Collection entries
==*==
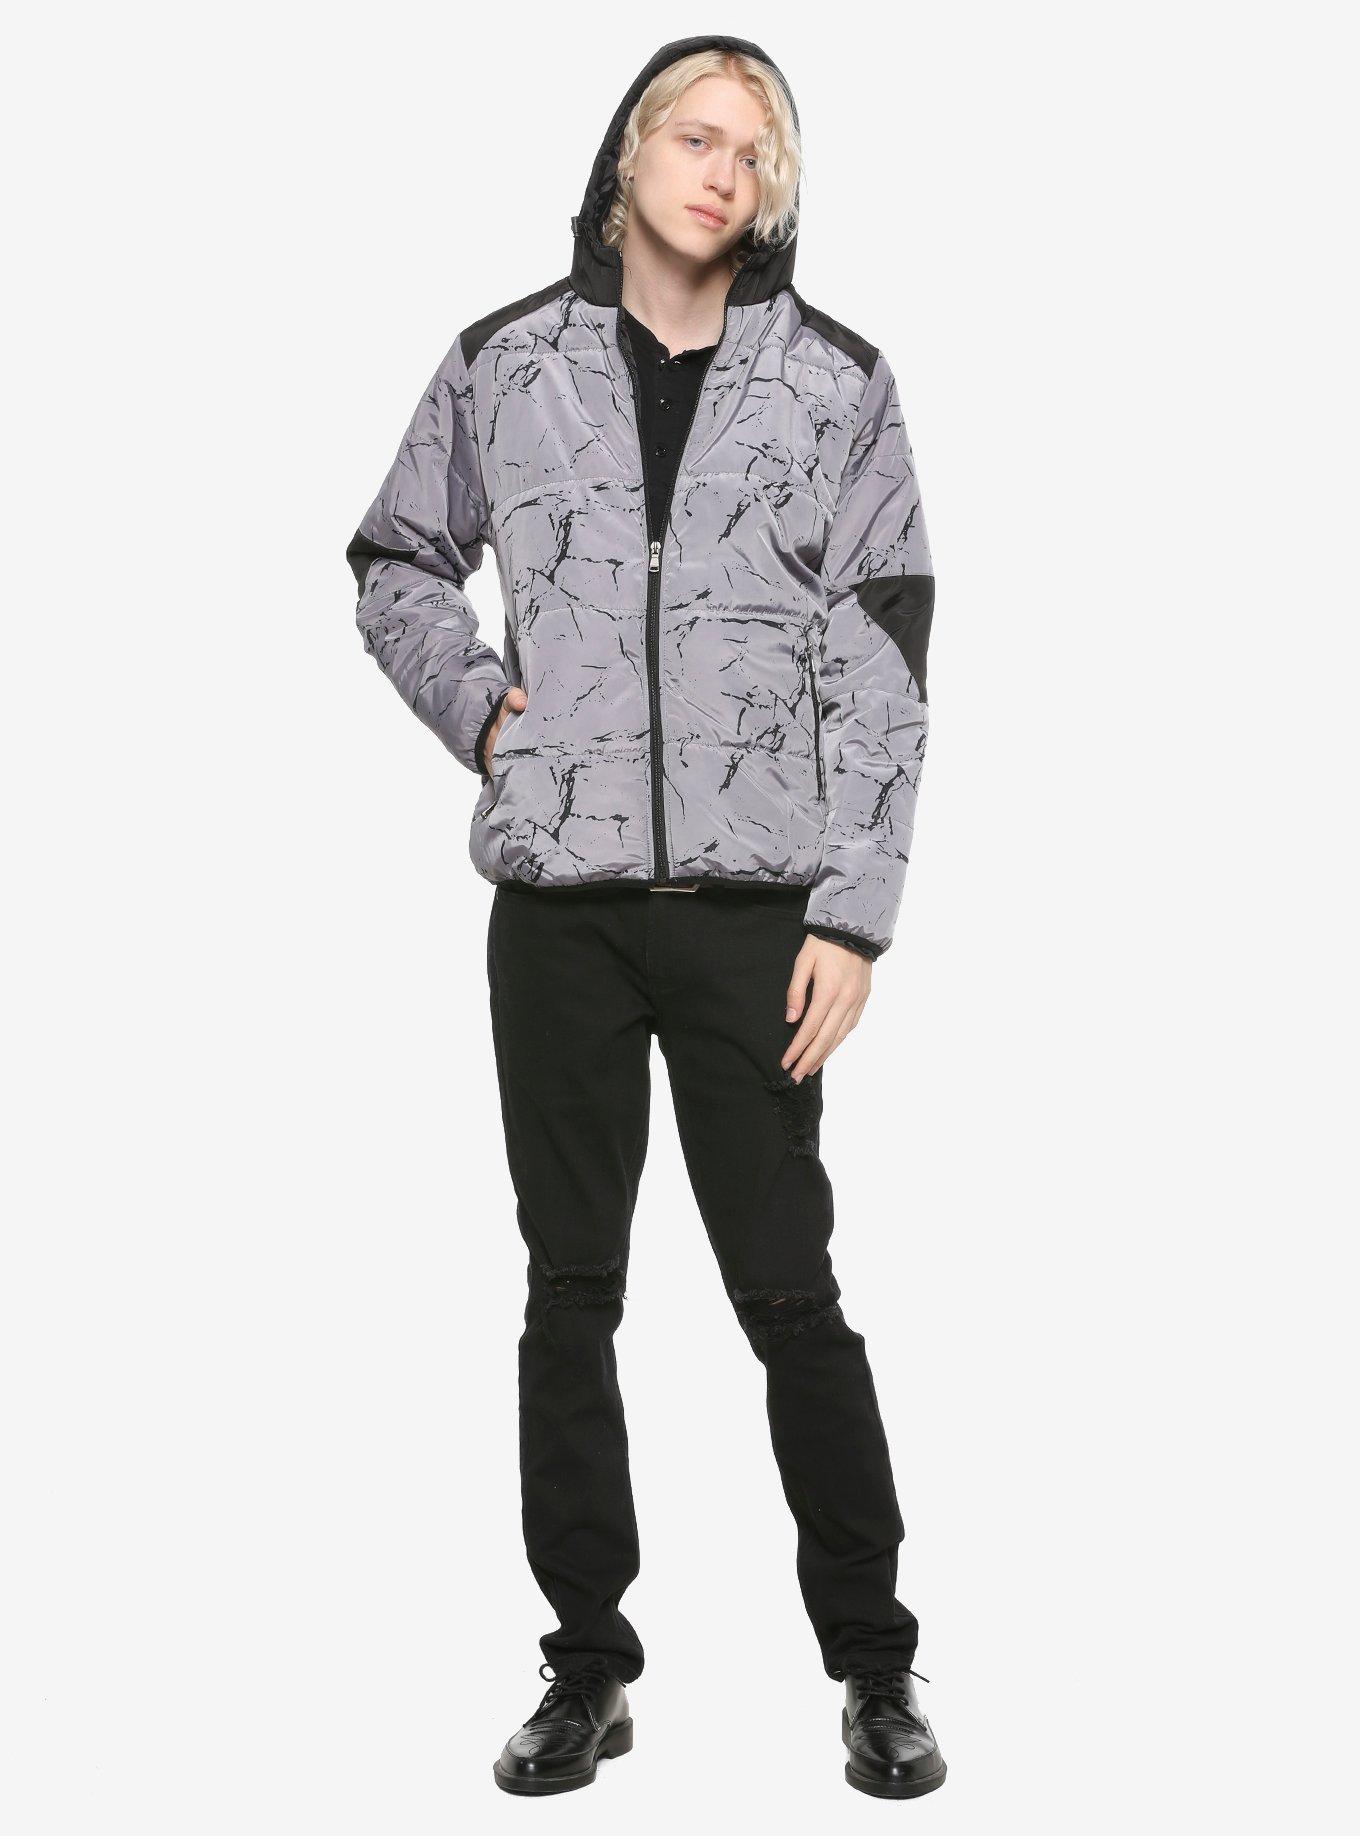 Black & Grey Reflective Puffer Jacket, GREY, alternate
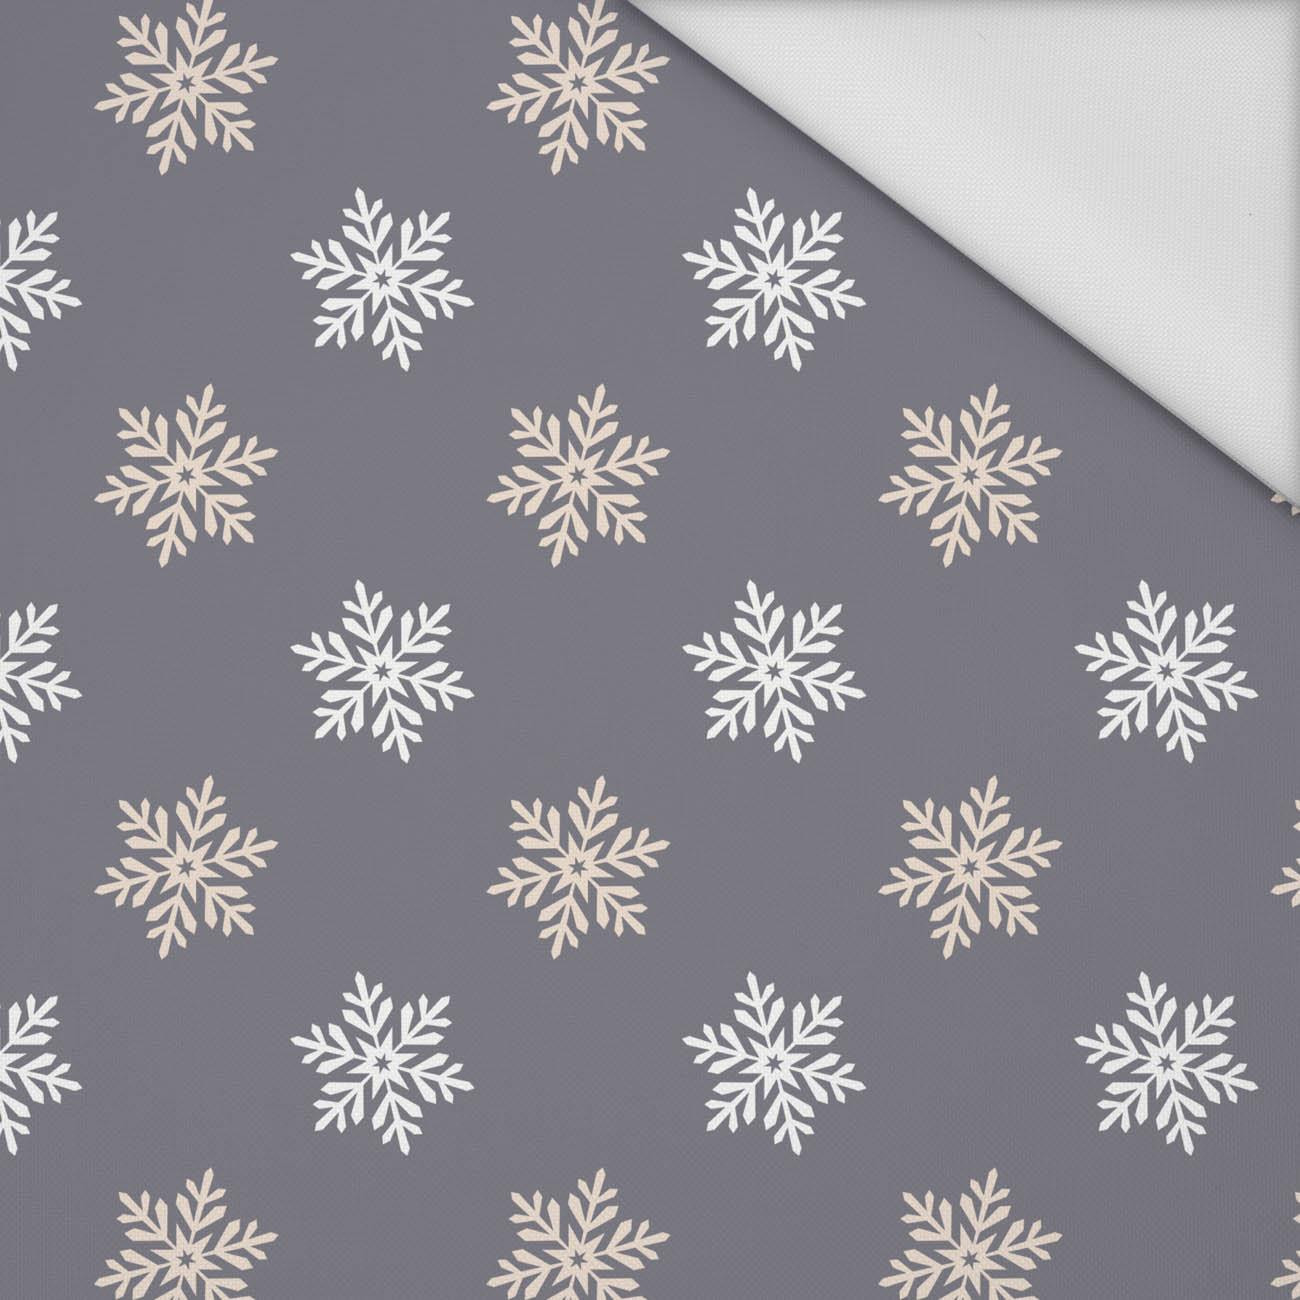 SNOWFLAKES pat. 5 (WINTER TIME) / grey - Waterproof woven fabric
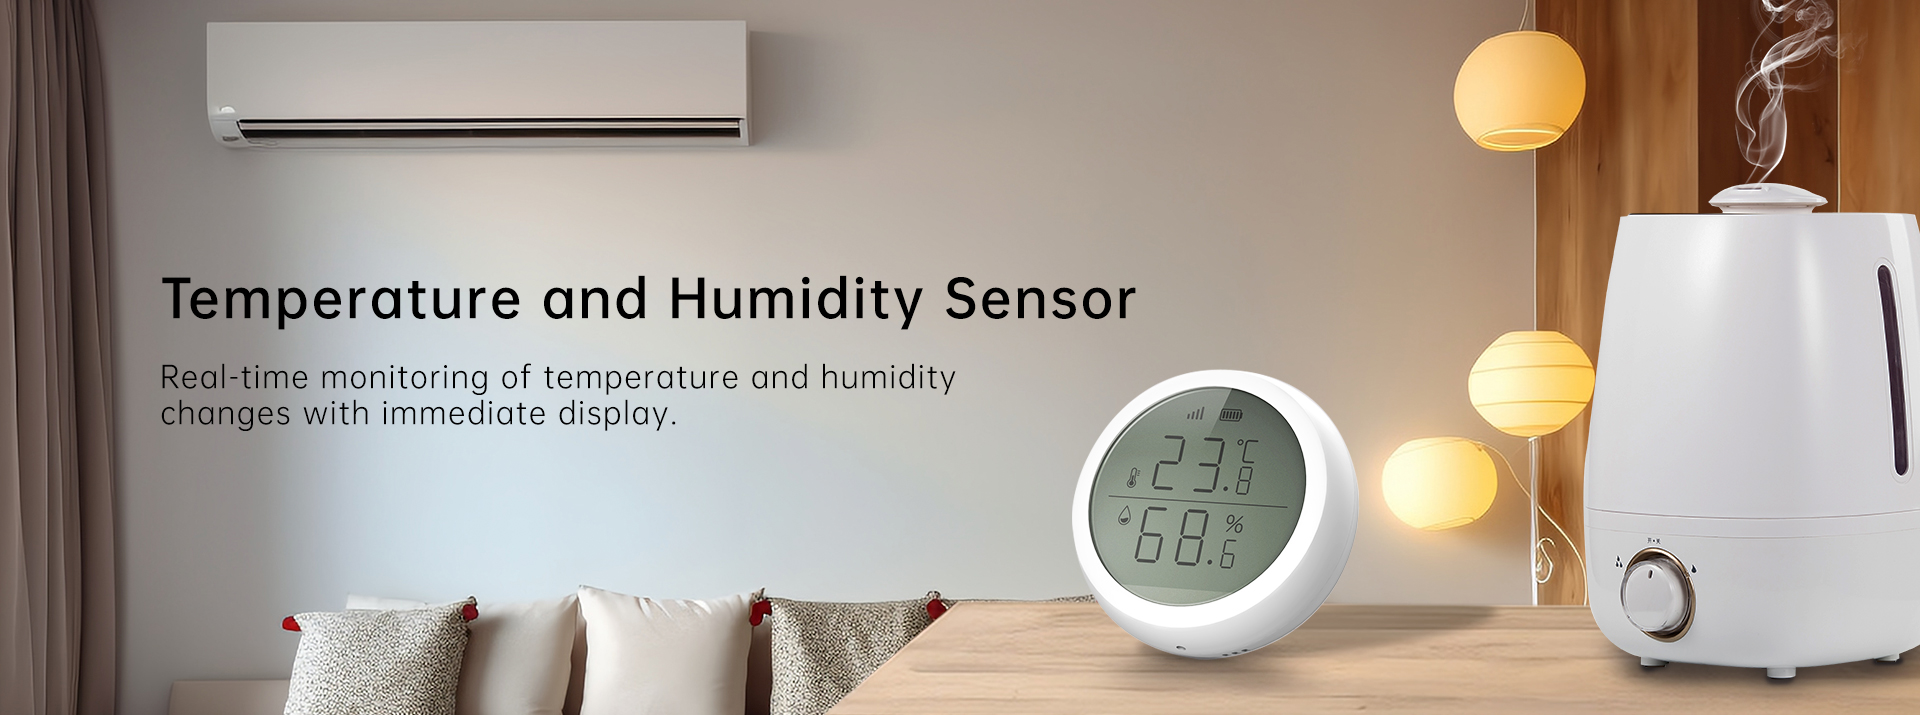 Temperature-and-Humidity-Sensor
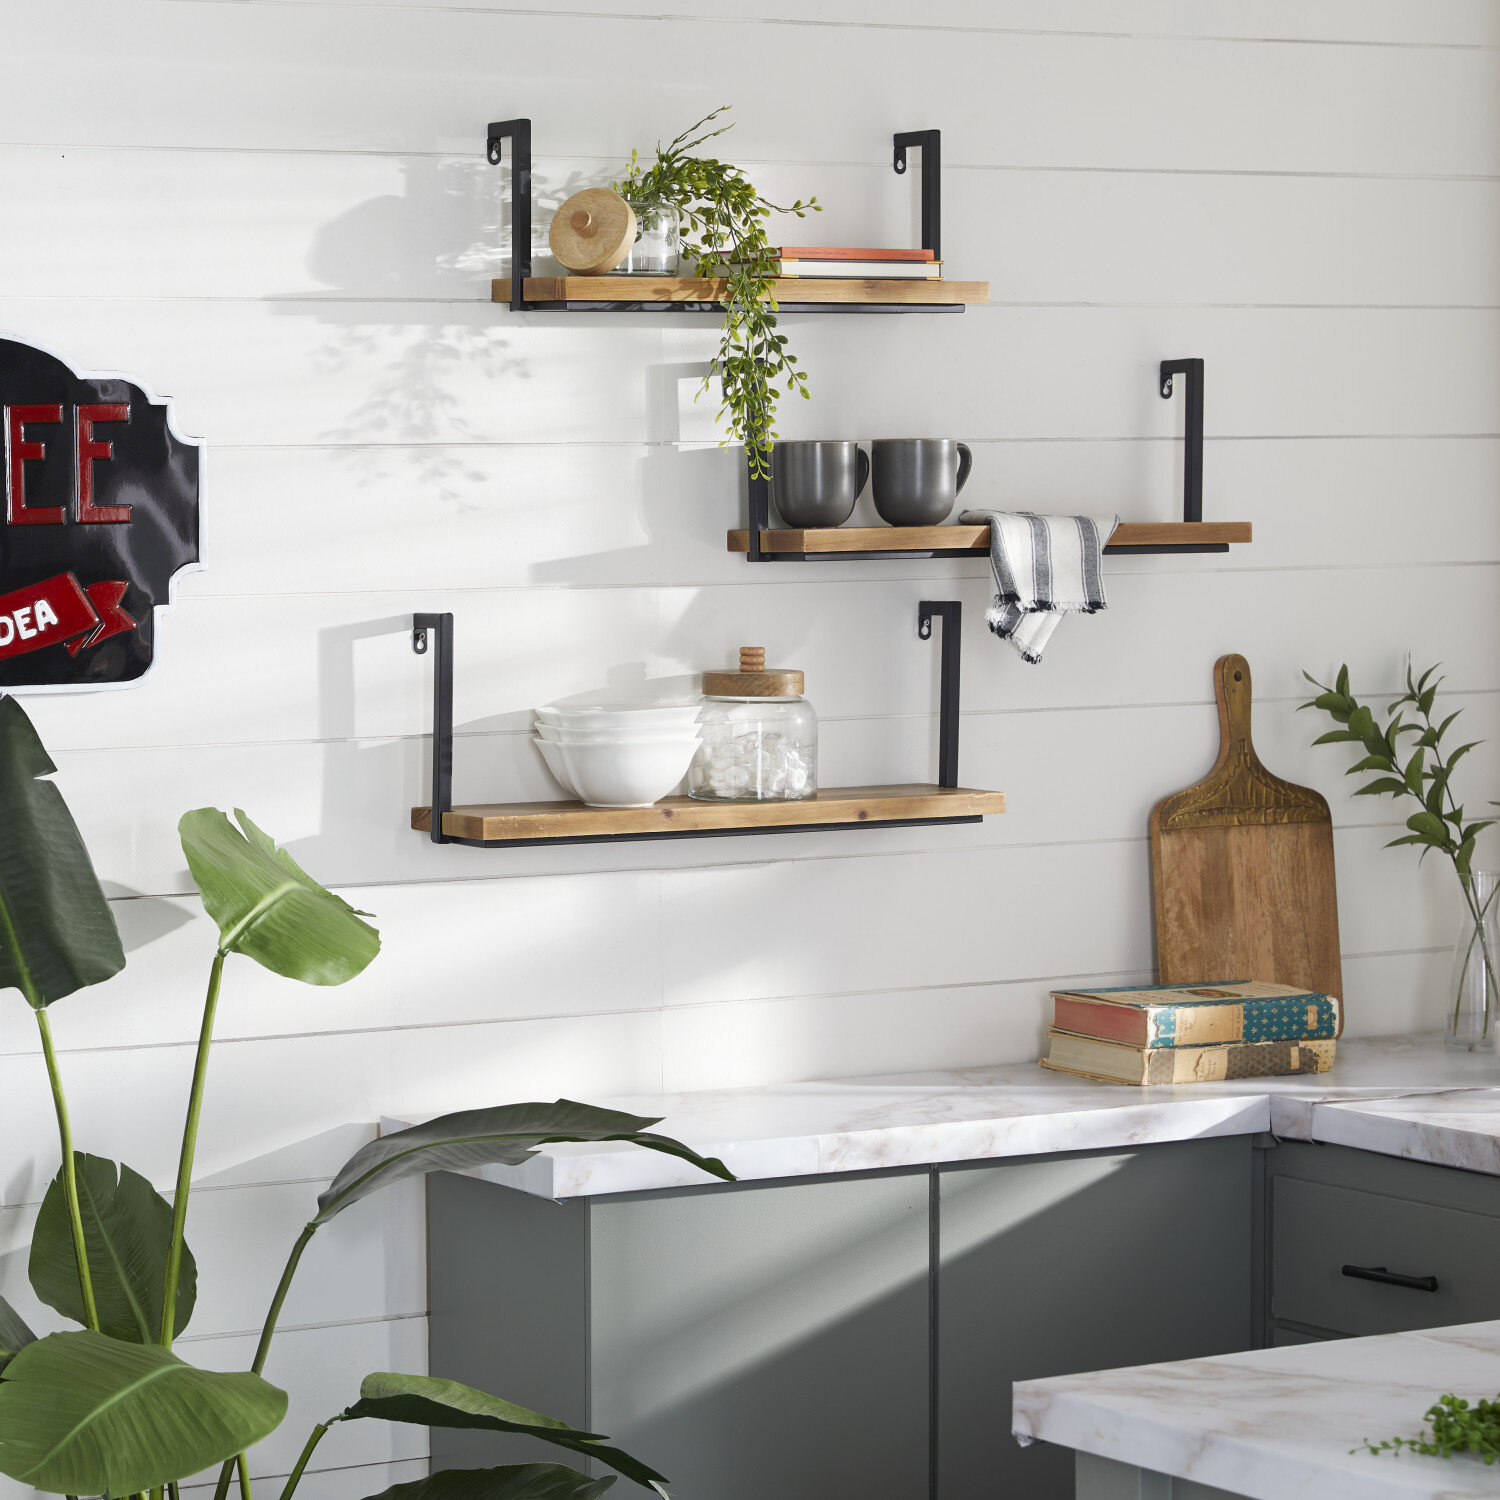 8 Stylish Floating Kitchen Shelf Design Ideas for Storage
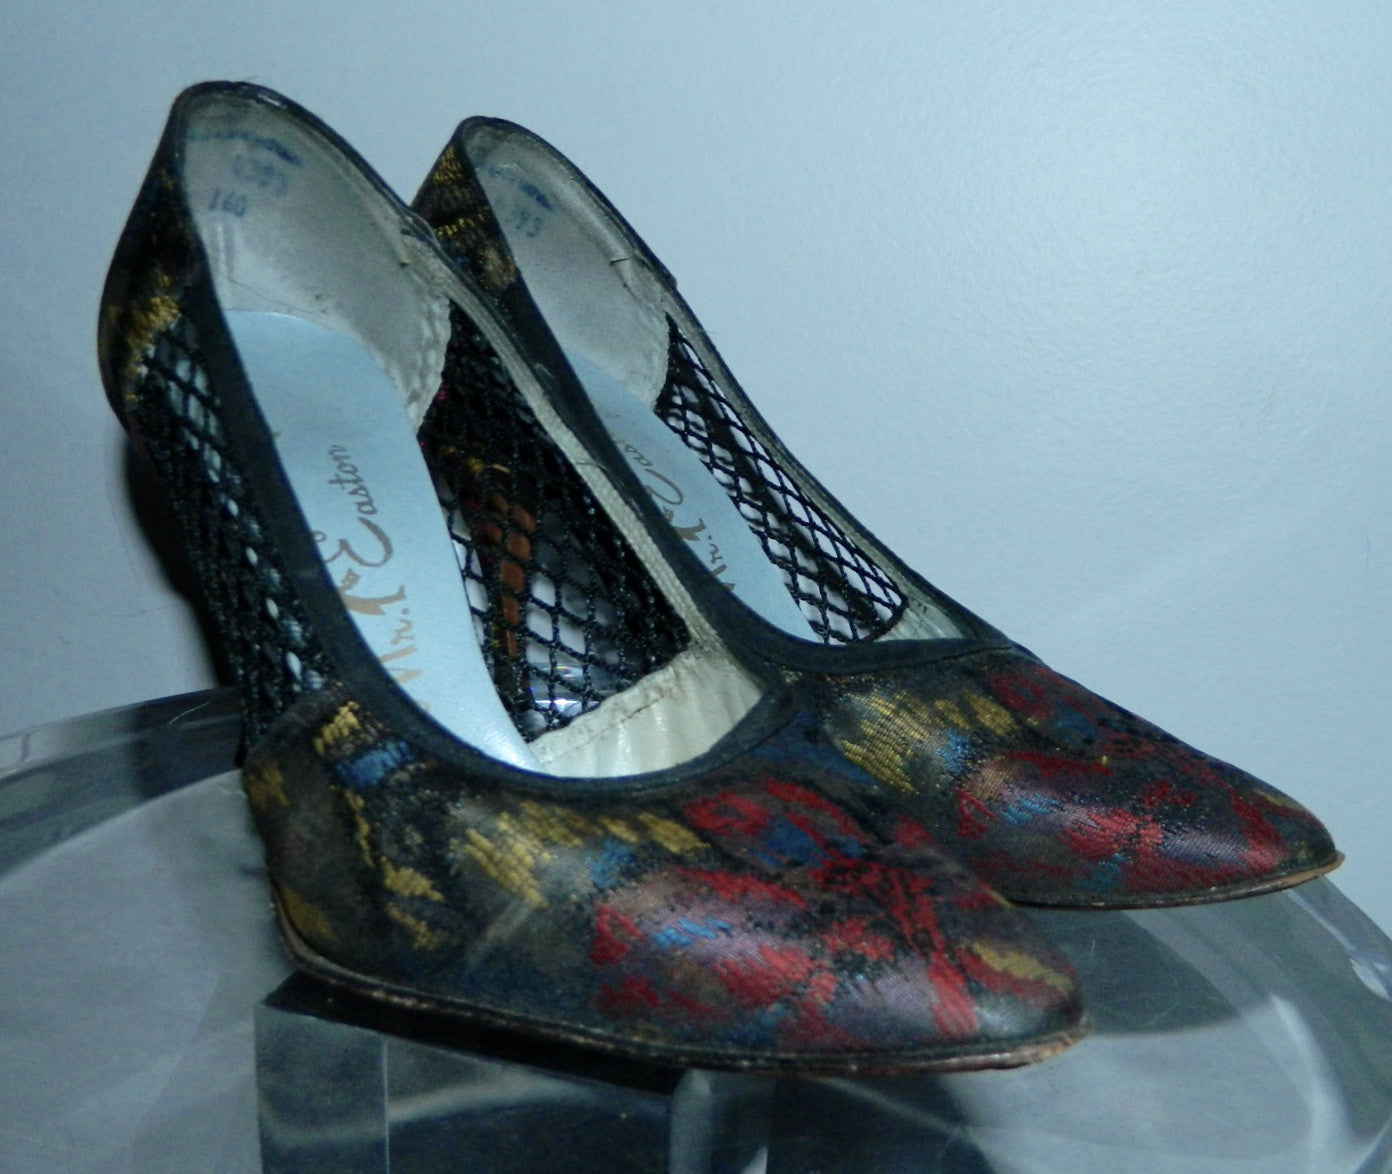 vintage 1950s stiletto heels / floral brocade high heels / black mesh cutouts US 6 - 7
==*==
* Your goal
Every line of the records above should be reproduced exactly, with no pictures included.

* Task solution
 Black & Grey Reflective Puffer Jacket, GREY, alternate
 SNOWFLAKES pat. 5 (WINTER TIME) / grey - Waterproof woven fabric
 Temperature-and-Humidity-Sensor
 8 Stylish Floating Kitchen Shelf Design Ideas for Storage
 vintage 1950s stiletto heels / floral brocade high heels / black mesh cutouts US 6 - 7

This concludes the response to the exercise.